Although the material holds pictures, none belong in the copy; transcribe exactly, and only, the lines from the one with "Сетка для бритья триммера Philips MG7720/15" through the end.
*** DATA Section Begins ***
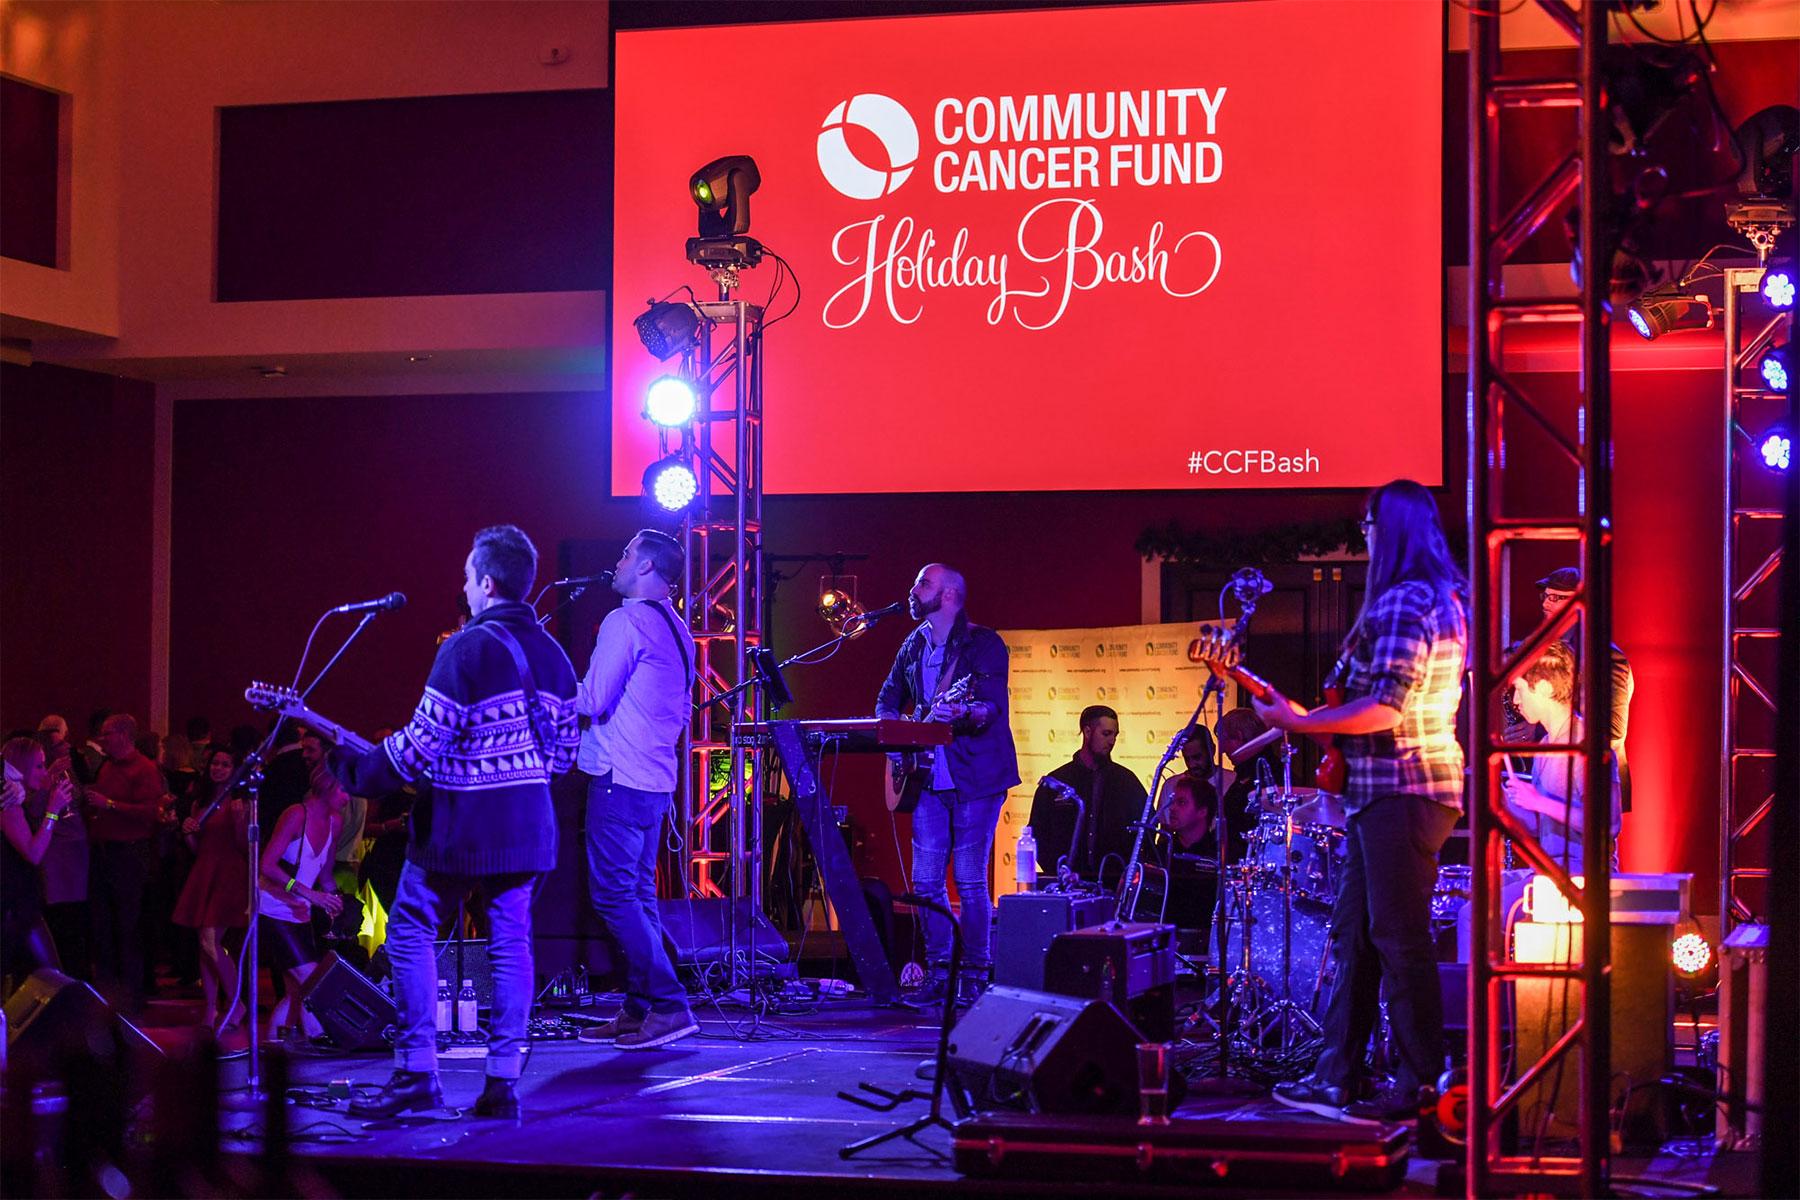 Community Cancer Fund Holiday Bash 2016
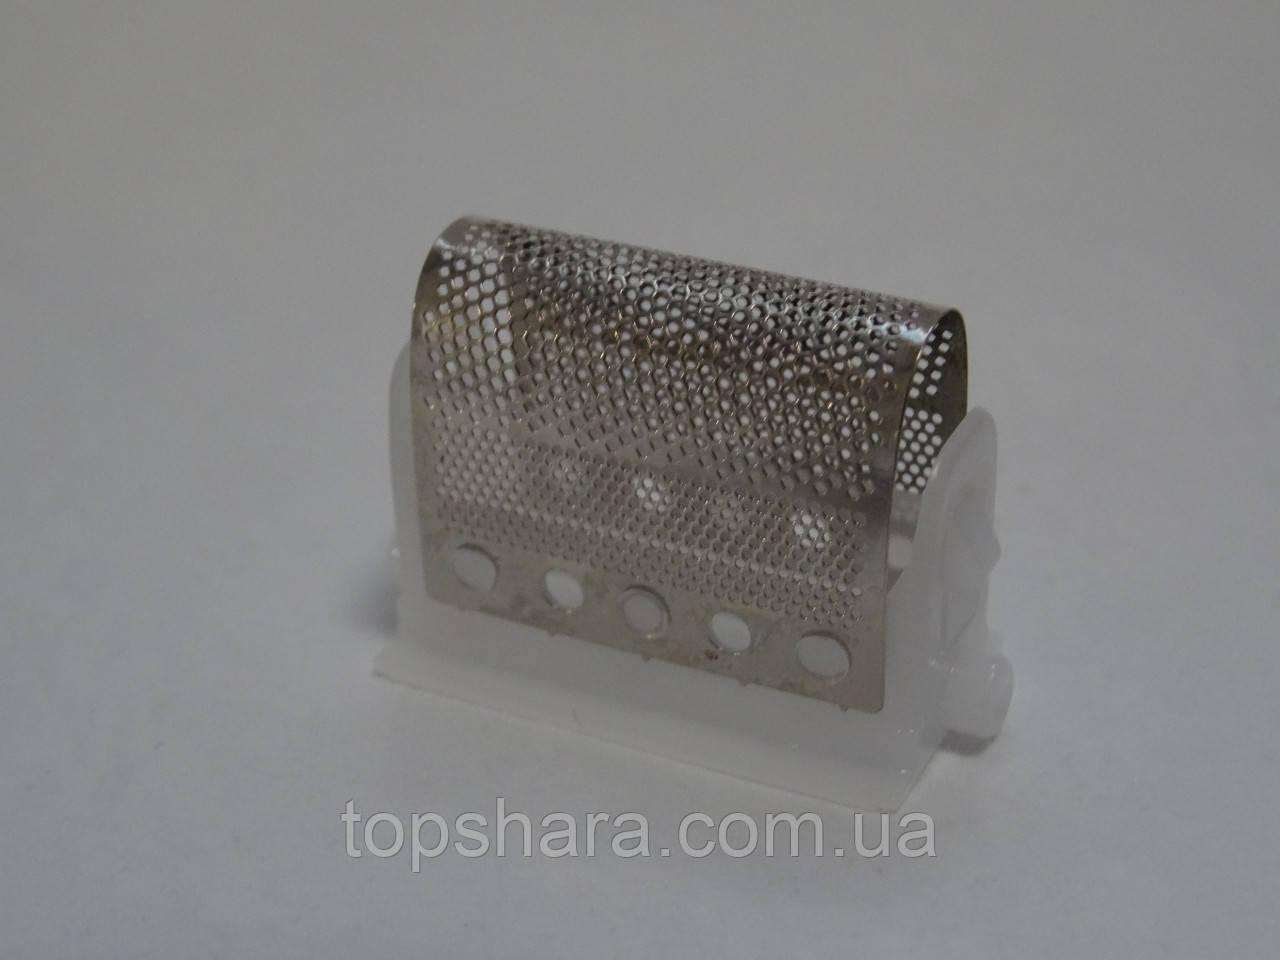 Сетка для бритья триммера Philips MG7720/15
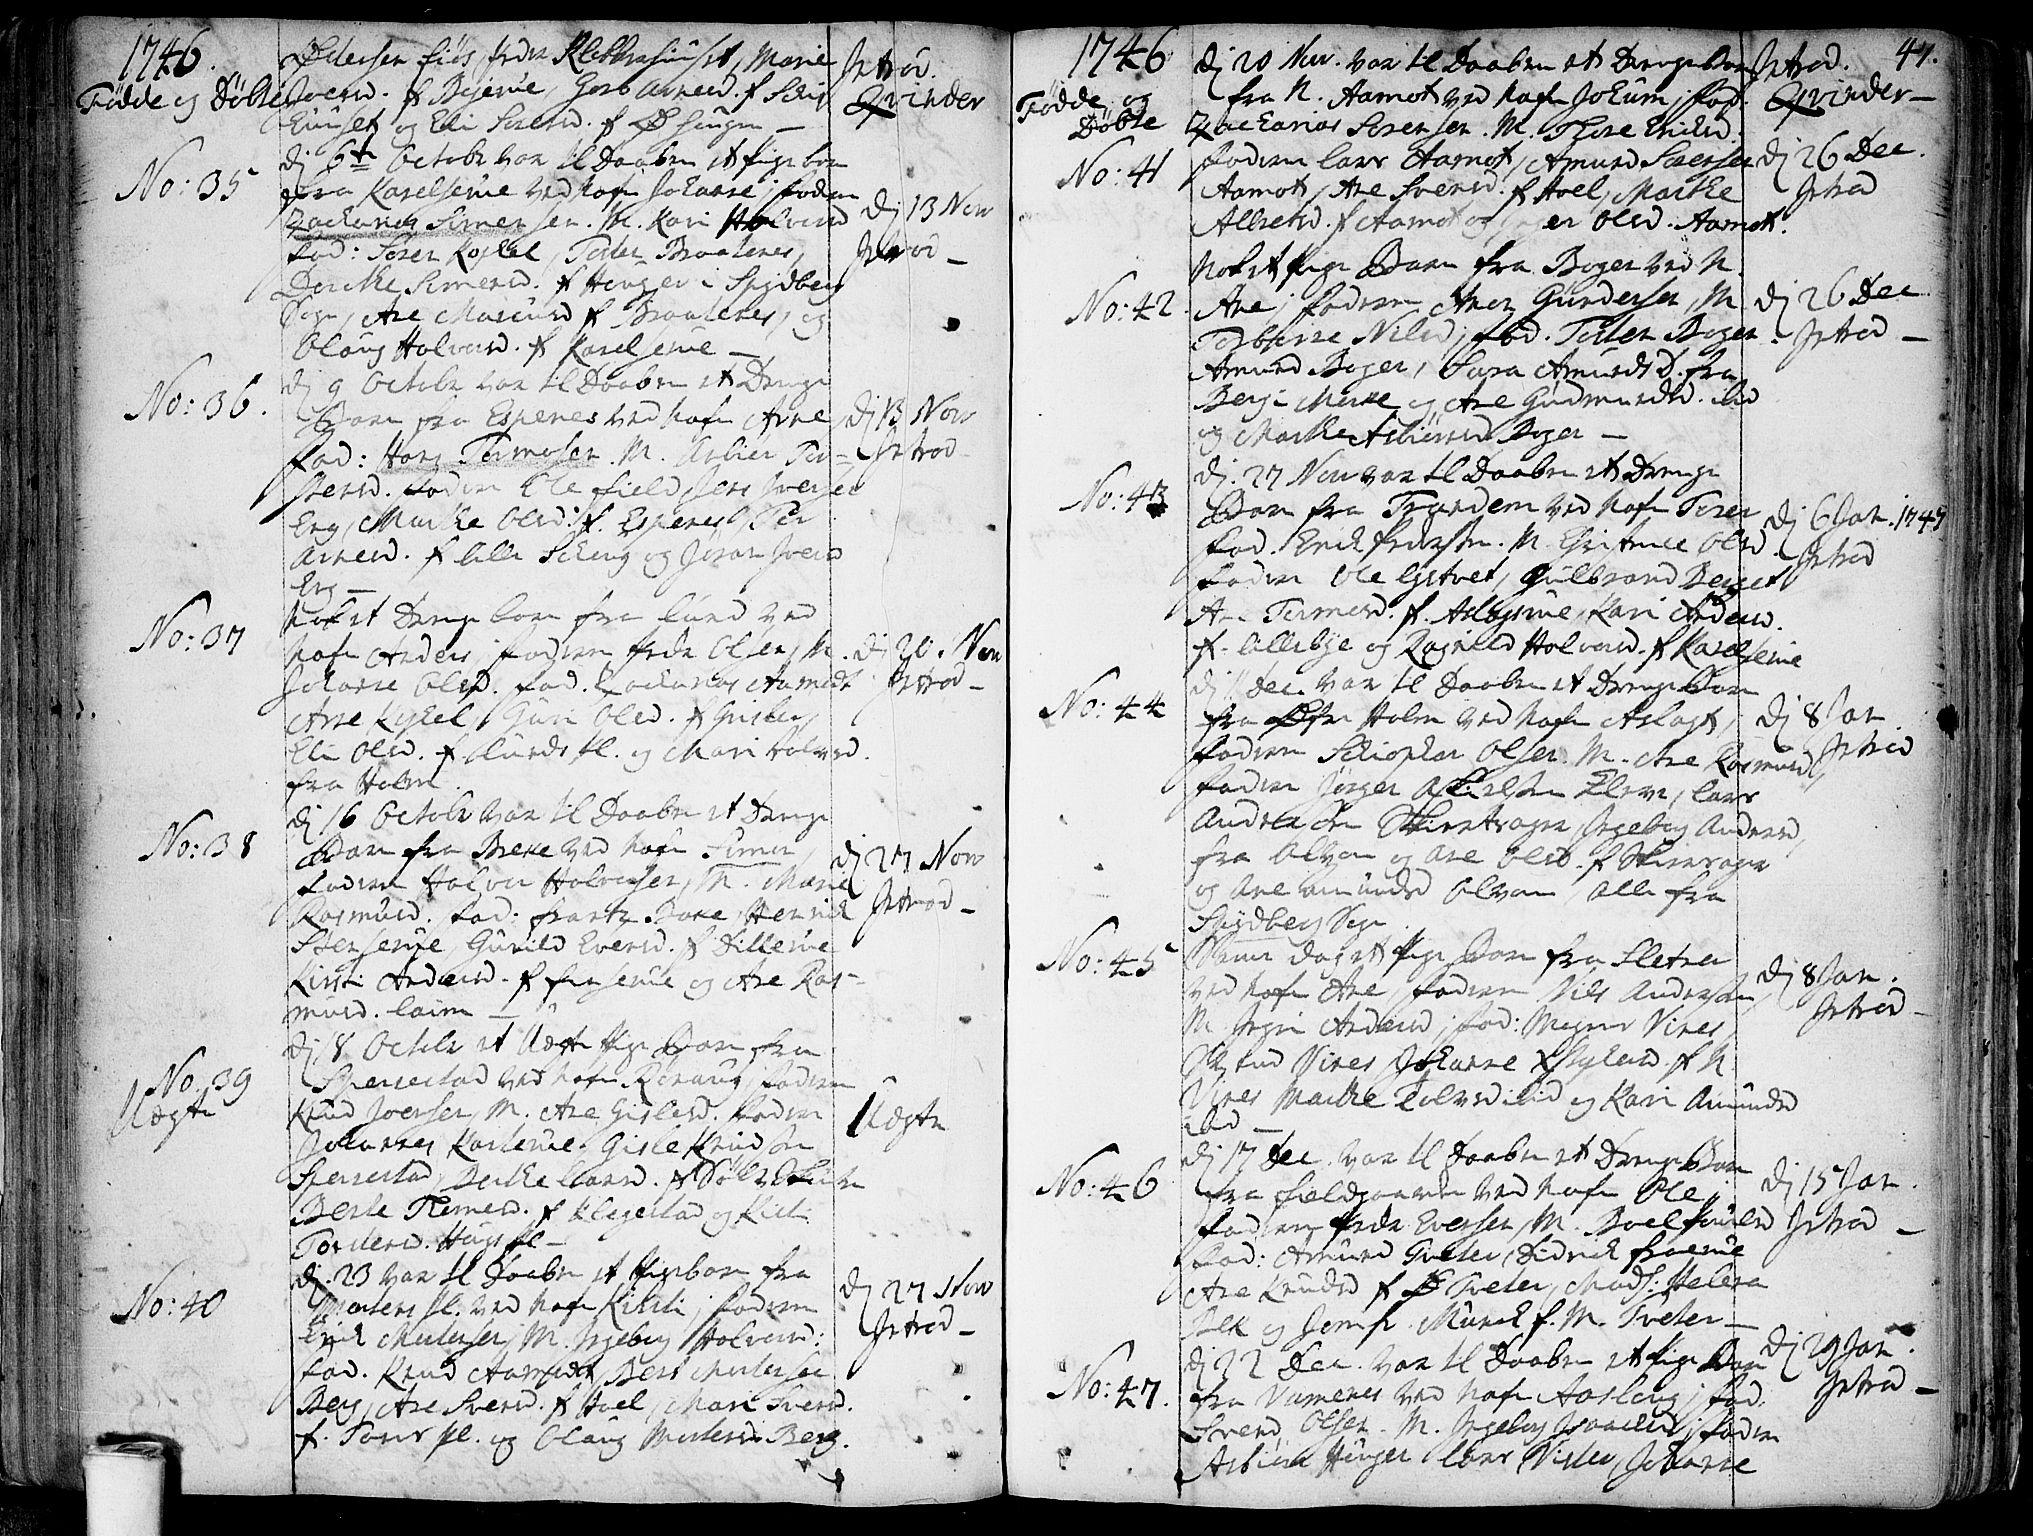 SAO, Skiptvet prestekontor Kirkebøker, F/Fa/L0002: Ministerialbok nr. 2, 1734-1759, s. 47
*** DATA Section Ends ***
**EXERCISE OUTPUT**
 Сетка для бритья триммера Philips MG7720/15
 SAO, Skiptvet prestekontor Kirkebøker, F/Fa/L0002: Ministerialbok nr. 2, 1734-1759, s. 47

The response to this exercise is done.